Nolarin puffed out his breath noisily. “Right. So we might me surrounded right now, and we wouldn’t know until the scum were on us? Or they could pick us off from the cover of these huge fungus things, and we’d not be able to do anything about it?”

“Unfortunately, yes, sir.”

Faise admired the lieutenant’s stoic assessment of the situation.

Nolarin pulled out his comlink. “Team Dorn, return to the landing site. Repeat, return to the landing site.” He sighed. “Looks like we should get under cover fast. It’ll be dark soon, and even our eyes will be no use then.”


Night had fallen by the time the Felucians had completed their meditation. We must inform The Teacher of this, was their unanimous decision. She is bound to the fates of these outlanders, she will know what to do.


“I don’t like this,” General Nolarin rumbled. “Something is going on, and I don’t like it.”

“What does the report say?” Captain Faise asked, walking over to stand next to the general.

“Intelligence has apparently given us a secondary objective,” Nolarin scanned his datapad. “’Gossam rebels are believed to be hiding on the jungle planet, and must be eliminated at once’” he read. “Gossam rebels?

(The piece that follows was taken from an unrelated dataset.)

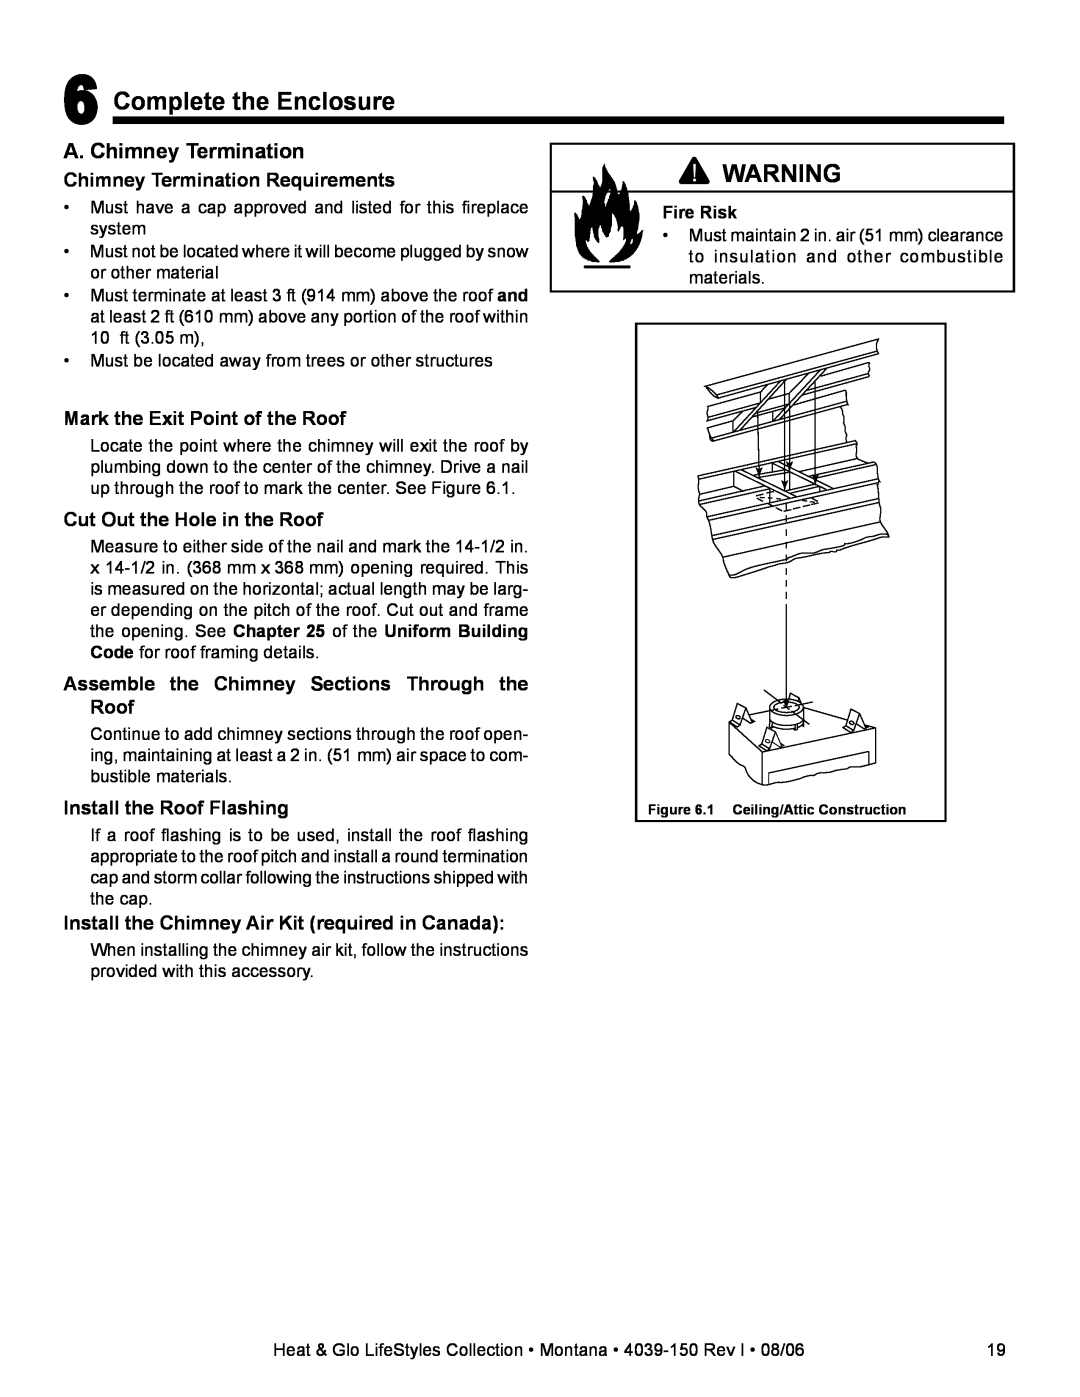 Heat & Glo LifeStyle Montana-36, Montana-42 owner manual Complete the Enclosure, A. Chimney Termination, Fire Risk

Hardly seems a threat enough to warrant our entire task force, but Imperial Center clearly knows best.”

Faise frowned at the orders. Gossam rebels? “I seem to remember the Gossam were big Separatists during the War. You don’t think there’s a link?”

“You were always the historian, Oskar, I wouldn’t know much about this.” He stroked his lip thoughtfully. “If there are Gossam rebels here, I’m surprised they’ve not been picked up before now. Commander Varghis keeps a tight control on the Gossam over at Kway Teow, I can’t imagine there would be any others out here…” He trailed off in thought. “Lieutenant, do you still have the sensor data from the explosion earlier?” he called down the passageway of his landing craft.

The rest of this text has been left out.